Energy transfer through changing magnetism
A wireless charger uses electricity in the pad to make a changing magnetic field. That changing field passes through a coil inside the phone and makes electricity there. The phone uses that electricity to charge its battery, with some energy lost as heat.
Wireless charging feels like a small trick because there is no plug going into the phone. The charger is still moving energy from the wall outlet to the battery. It just uses magnetic fields instead of metal contacts. Inside the charging pad is a coil of wire. Inside the phone is another coil. When alternating current moves through the pad coil, the magnetic field around it grows, shrinks, and flips direction many times each second. That changing field reaches the phone coil and pushes charges in that wire. The phone then changes that electrical energy into a form the battery can store. This process is electromagnetic induction. It is the same physics behind many generators and transformers. The main limits are distance, alignment, coil size, and heat. A small gap can work well. A large gap wastes much more energy.
Two coils, no plug
The phone is not powered by contact. It is powered by a linked magnetic field.
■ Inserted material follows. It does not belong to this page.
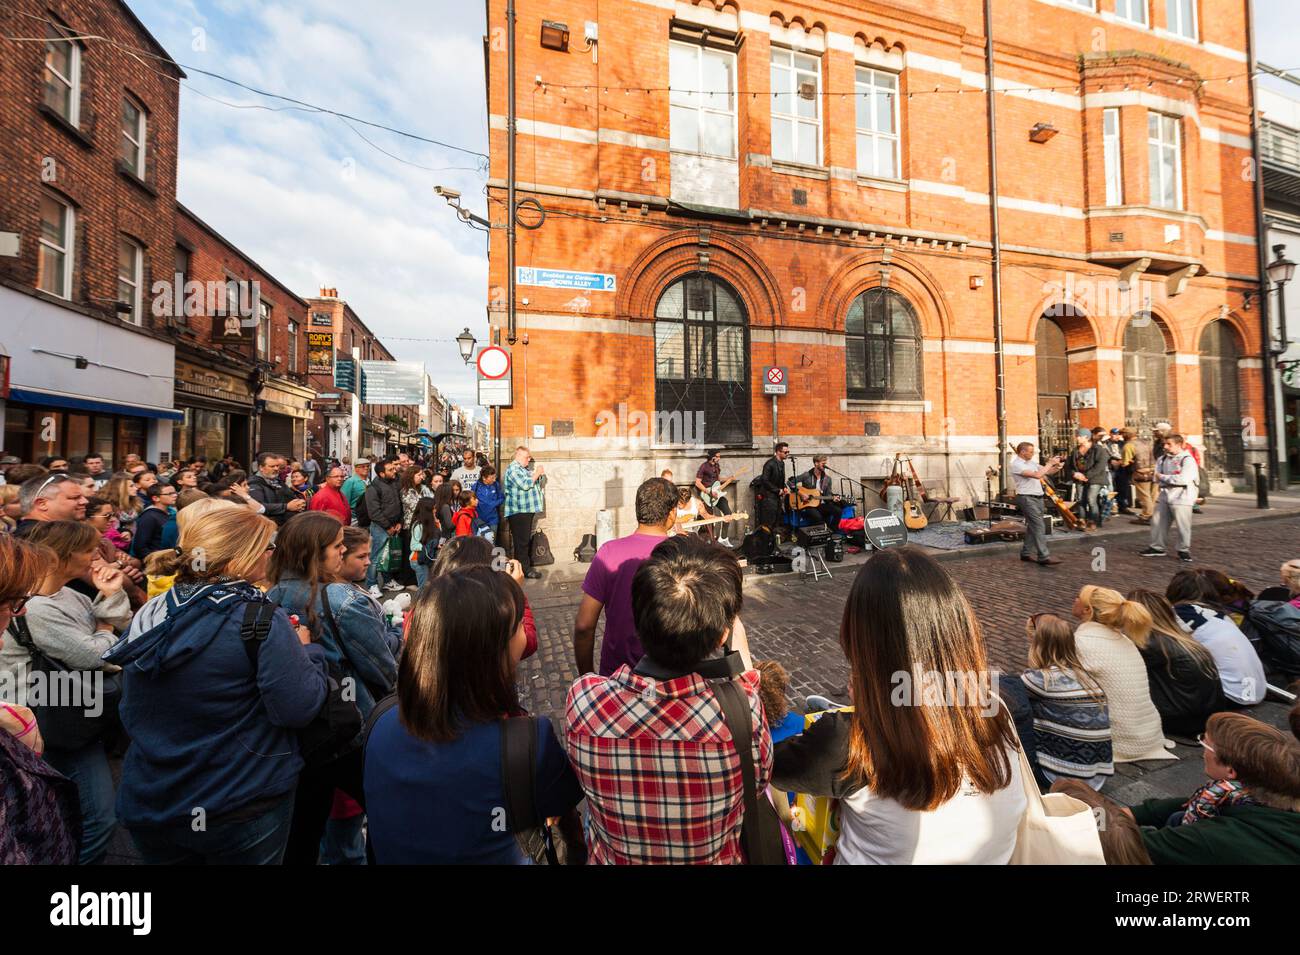 Dublino, Irlanda - 08 16, 2015 mucchio di persone che circondano e girano una band irlandese di strada che improvvisano uno spettacolo musicale Dublin Temple Bar Foto Stock

Changing current makes changing magnetism
A changing current is what makes the magnetic field useful for charging.
Induction pushes charges
Induction turns a changing magnetic field back into electrical energy.
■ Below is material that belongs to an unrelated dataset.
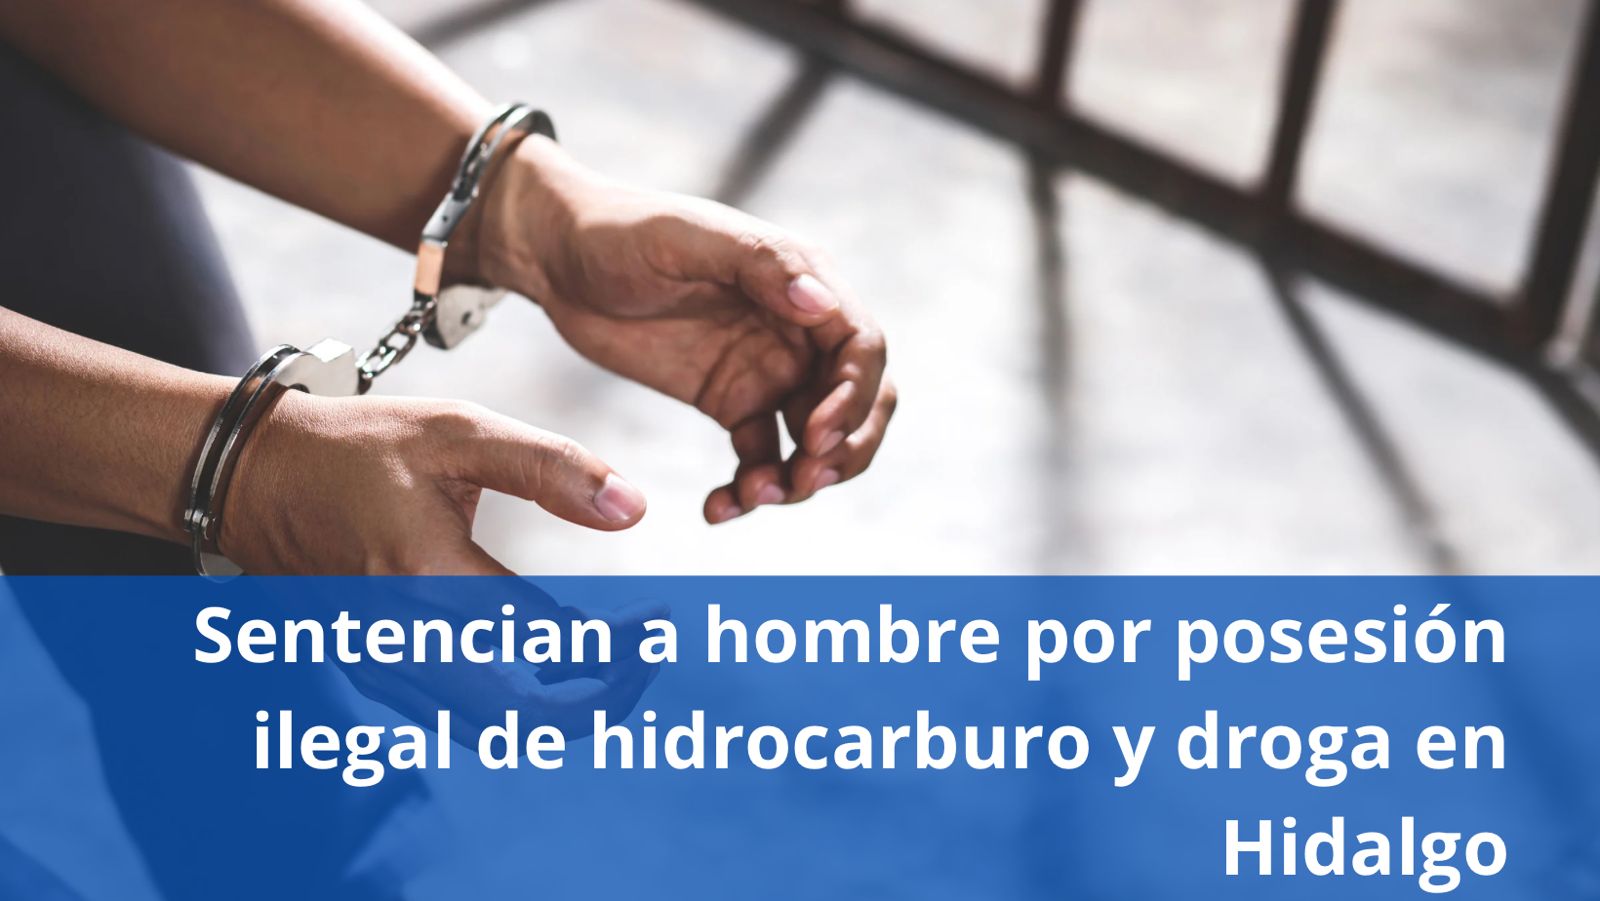 Sentencian a hombre por posesión ilegal de hidrocarburo y droga en Hidalgo

Distance and alignment matter
Efficiency drops when the magnetic field misses the phone coil.
Energy does not all reach the battery
Charging is an energy conversion process, not energy created from nothing.
Vocabulary
- Electromagnetic induction
- The process in which a changing magnetic field produces a voltage in a conductor.
- Primary coil
- The coil in the charging pad that uses alternating current to create a changing magnetic field.
- Secondary coil
- The coil in the phone that receives energy from the changing magnetic field.
- Magnetic flux
- A measure of how much magnetic field passes through an area, such as the area inside a coil.
- Efficiency
- The fraction of input energy that becomes useful output energy instead of being lost, often as heat.
In the Classroom
Coil alignment test
30 minutes | Grades 9-12
Use two small coils, an AC signal source, and a voltmeter to measure induced voltage in the receiving coil. Students move the coils closer, farther apart, and off center, then graph how voltage changes.
Energy transfer map
20 minutes | Grades 9-12
Students make a flow diagram for a wireless phone charger. They label each energy form and identify where heat losses can occur.
Faraday's law model
35 minutes | Grades 10-12
Students compare coil turns, changing magnetic field strength, and induced voltage using a simulation or teacher demonstration. They connect each observation to the terms in Faraday's law.
Key Takeaways
- • Wireless charging uses two coils separated by a small gap.
- • Alternating current in the pad creates a changing magnetic field.
- • The changing magnetic field induces voltage in the phone coil.
- • Charging works best when the coils are close together and well aligned.
- • Some energy is lost as heat, so wireless charging is not perfectly efficient.